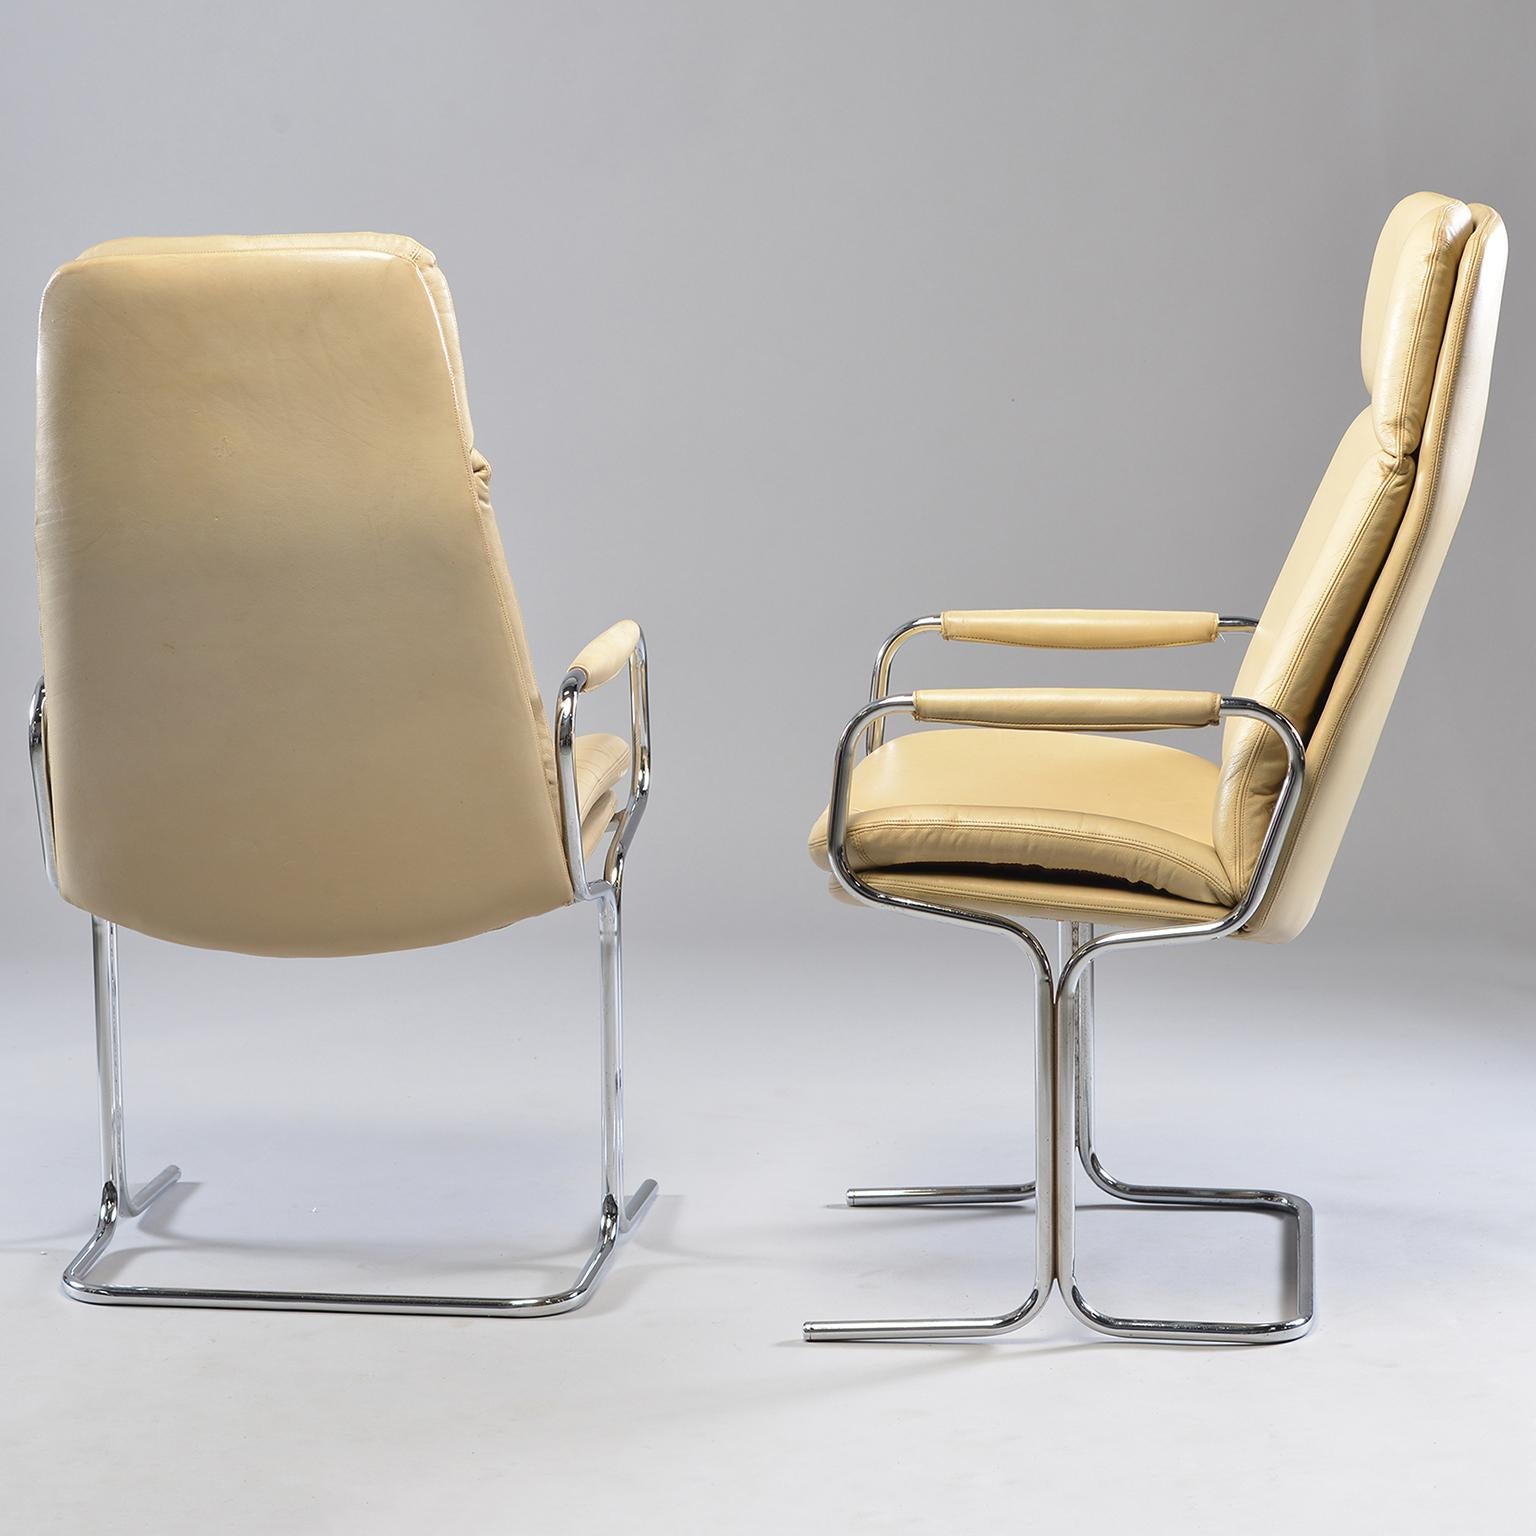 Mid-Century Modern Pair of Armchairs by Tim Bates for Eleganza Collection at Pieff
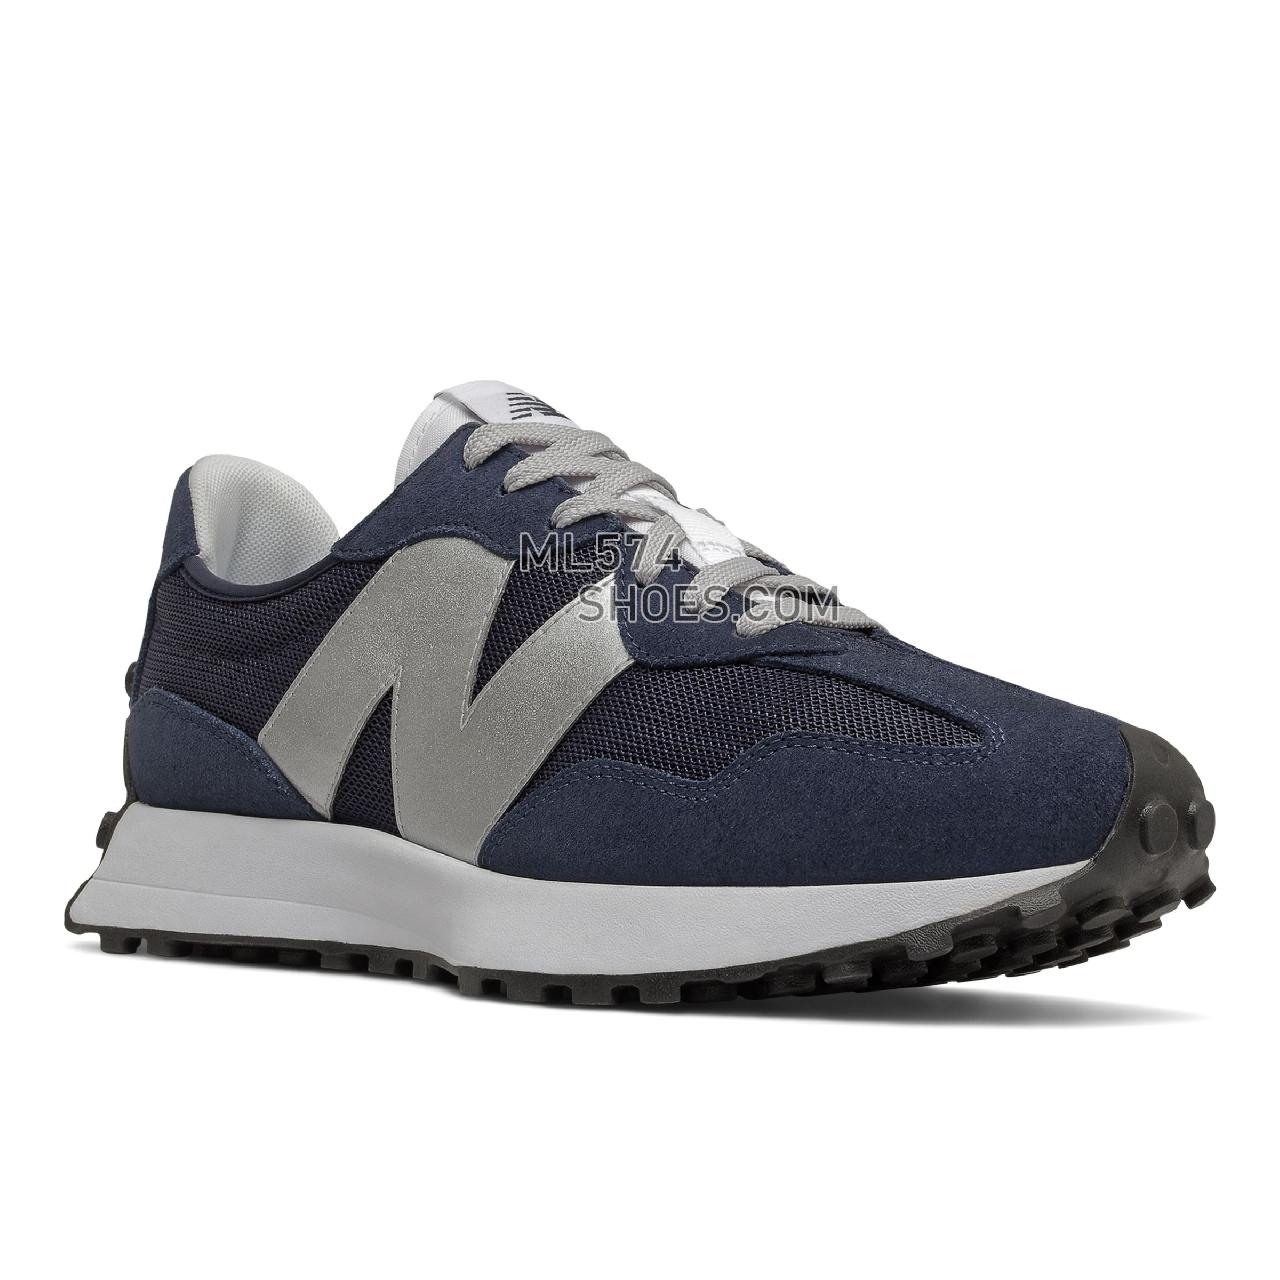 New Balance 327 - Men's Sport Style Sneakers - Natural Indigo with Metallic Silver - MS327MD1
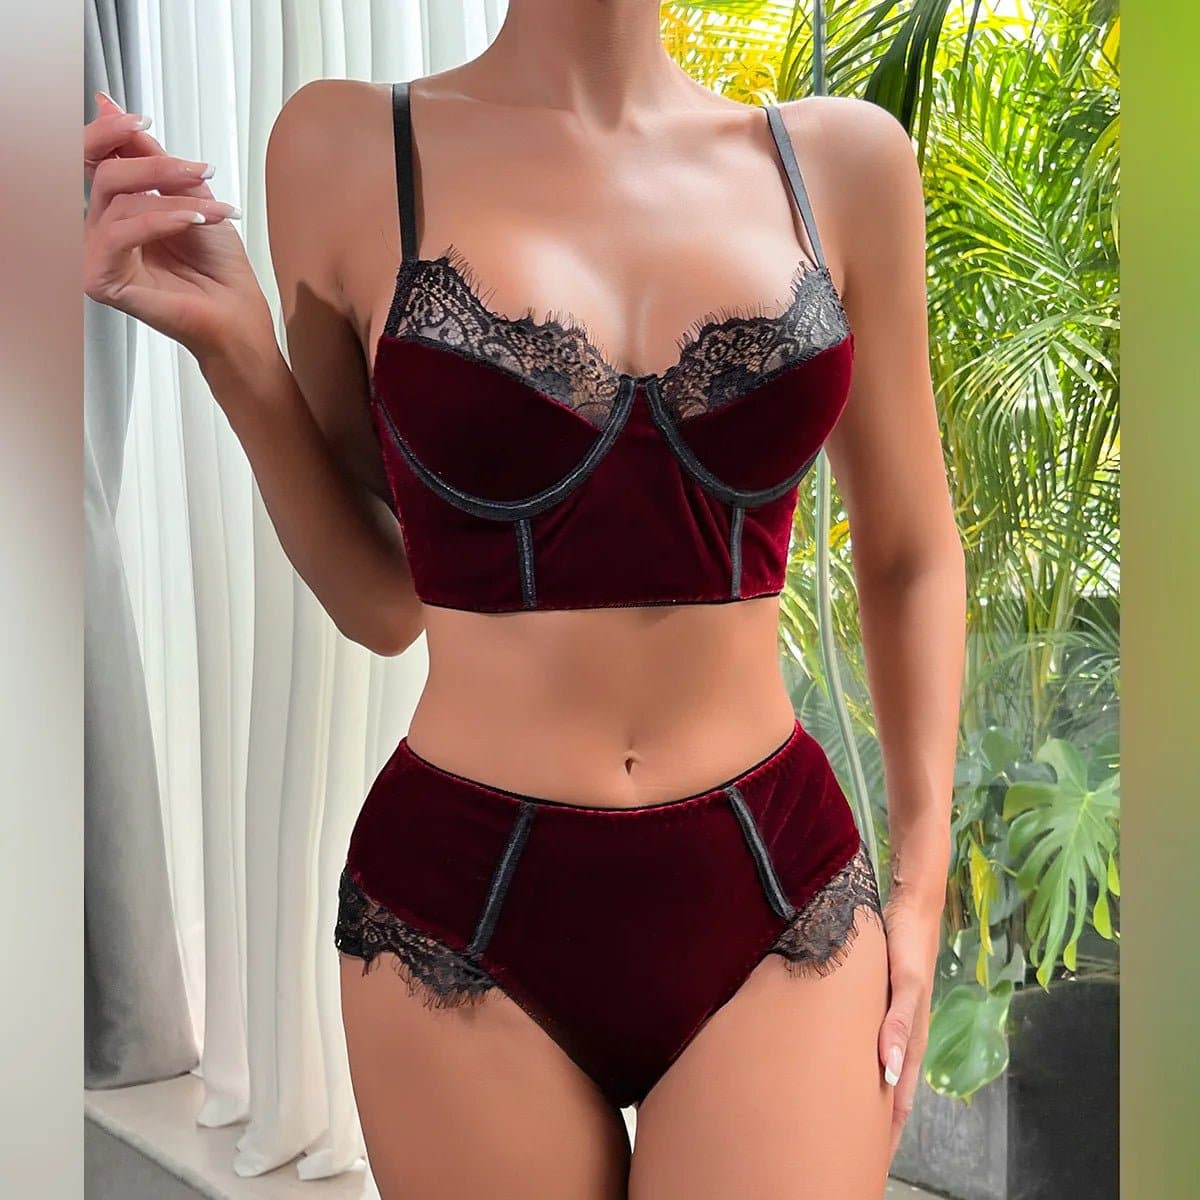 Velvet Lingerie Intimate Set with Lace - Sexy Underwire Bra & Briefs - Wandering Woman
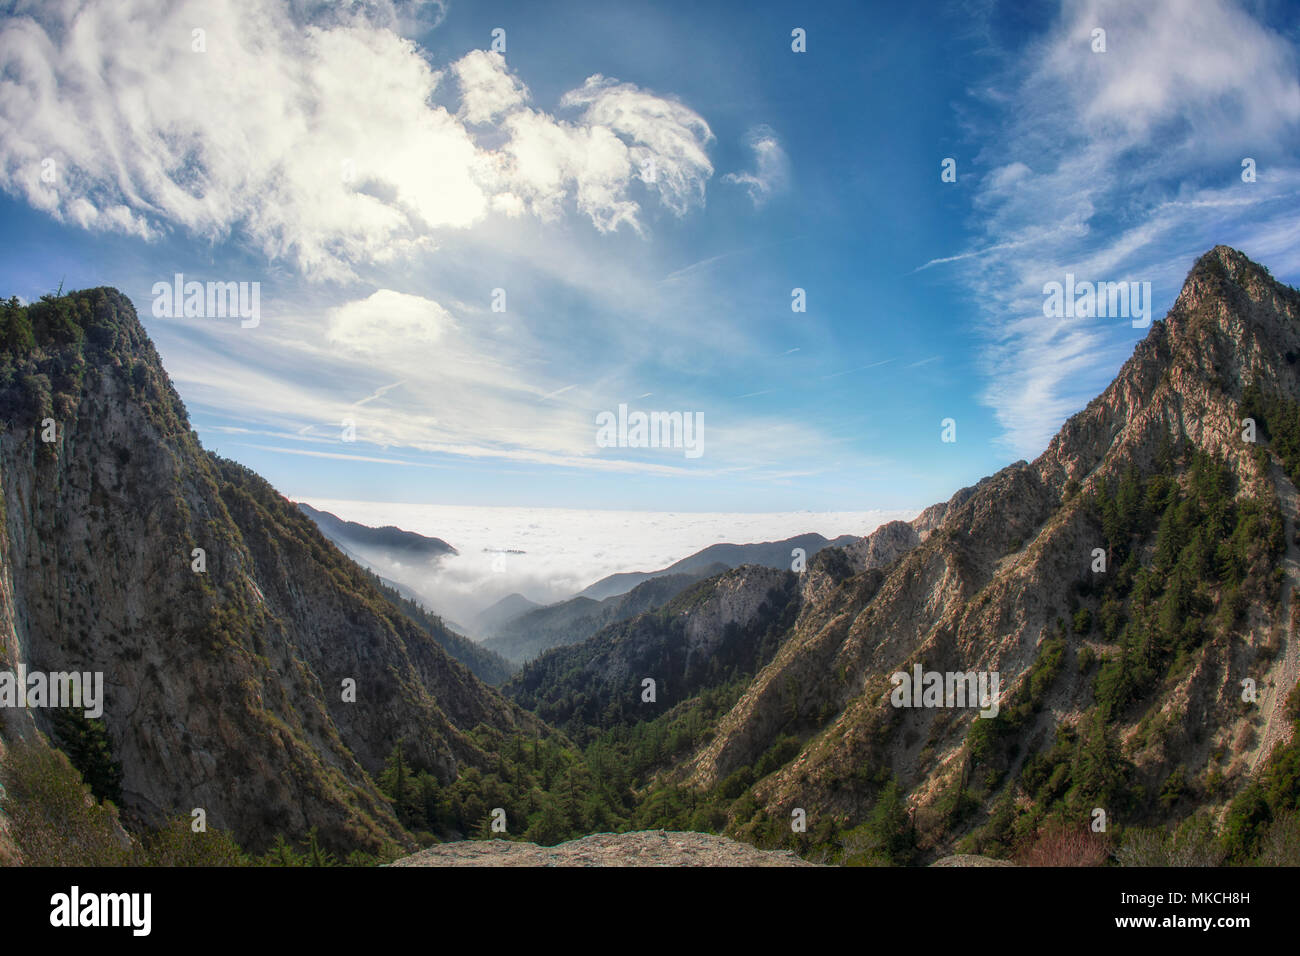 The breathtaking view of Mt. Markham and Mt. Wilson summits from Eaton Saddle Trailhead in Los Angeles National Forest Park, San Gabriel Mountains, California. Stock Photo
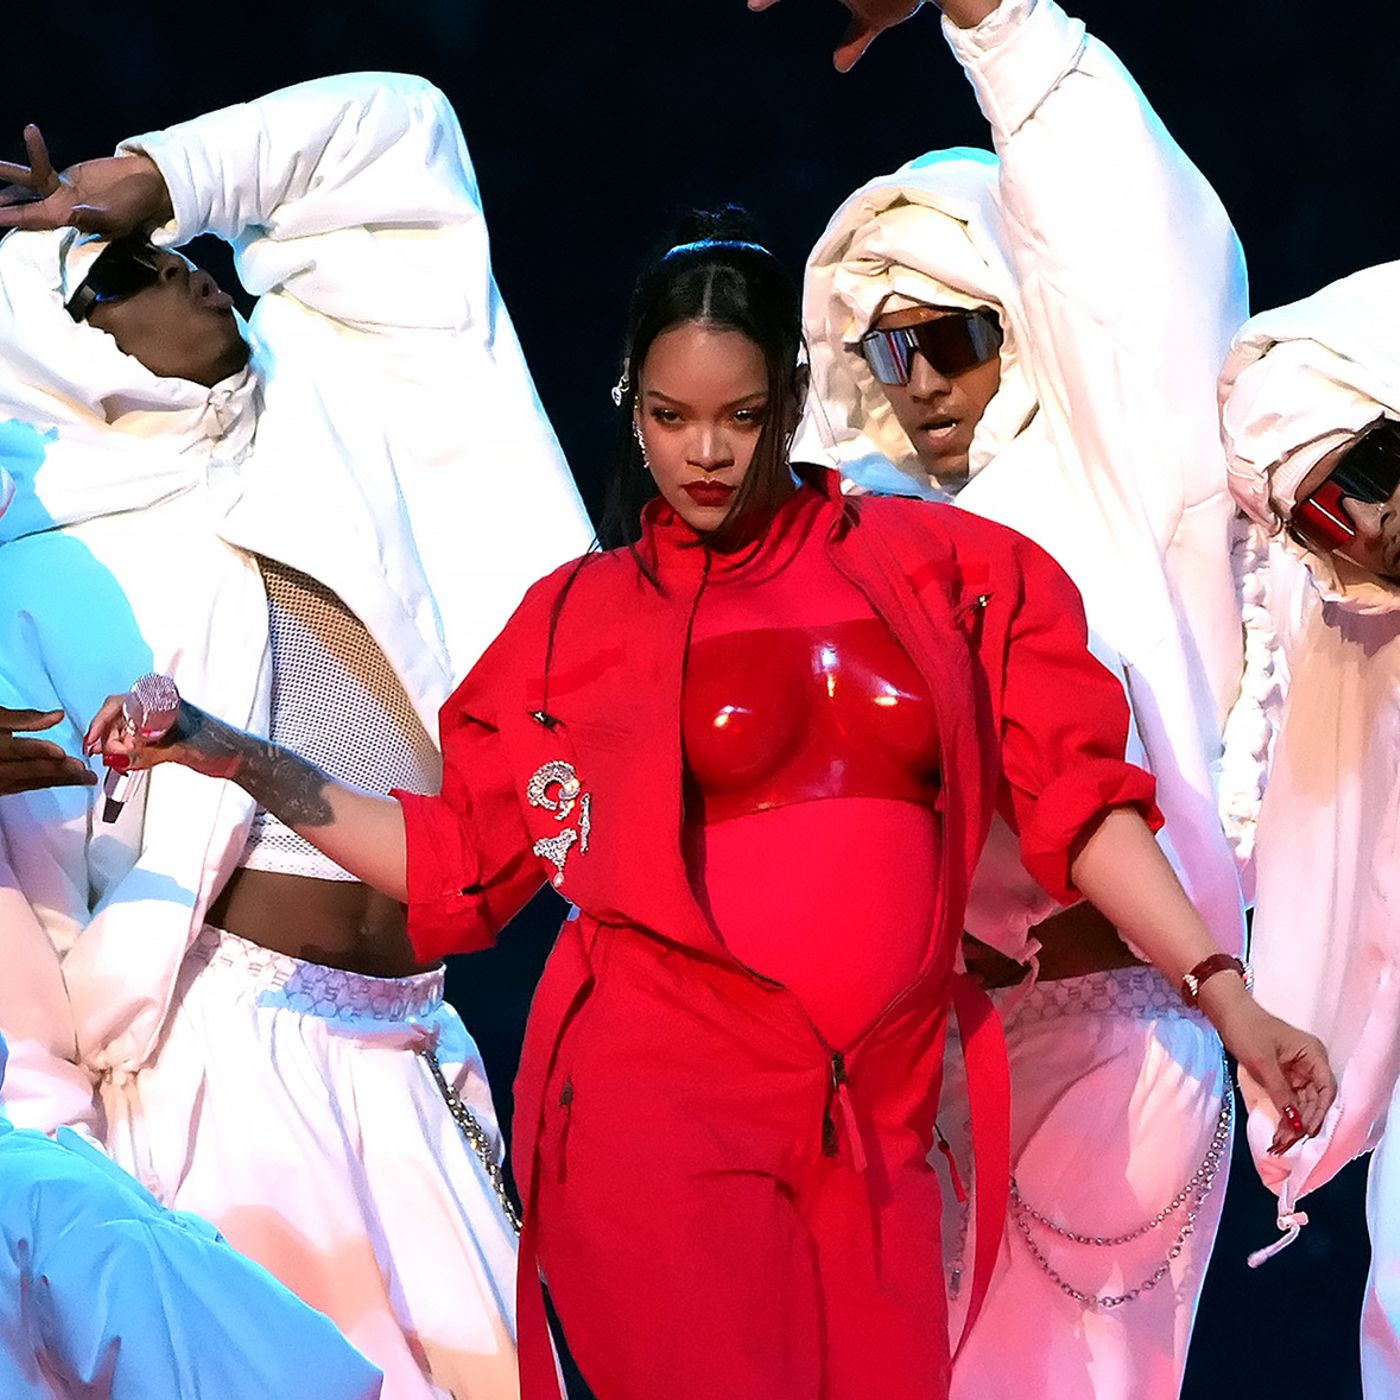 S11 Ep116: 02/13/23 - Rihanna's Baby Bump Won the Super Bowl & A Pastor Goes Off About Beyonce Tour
_____
Reproduce, with the pictures omitted, exactly those lines that run from the line with "The breathtaking view" to the last line of the material, both ends included.

 The breathtaking view of Mt. Markham and Mt. Wilson summits from Eaton Saddle Trailhead in Los Angeles National Forest Park, San Gabriel Mountains, California. Stock Photo
 S11 Ep116: 02/13/23 - Rihanna's Baby Bump Won the Super Bowl & A Pastor Goes Off About Beyonce Tour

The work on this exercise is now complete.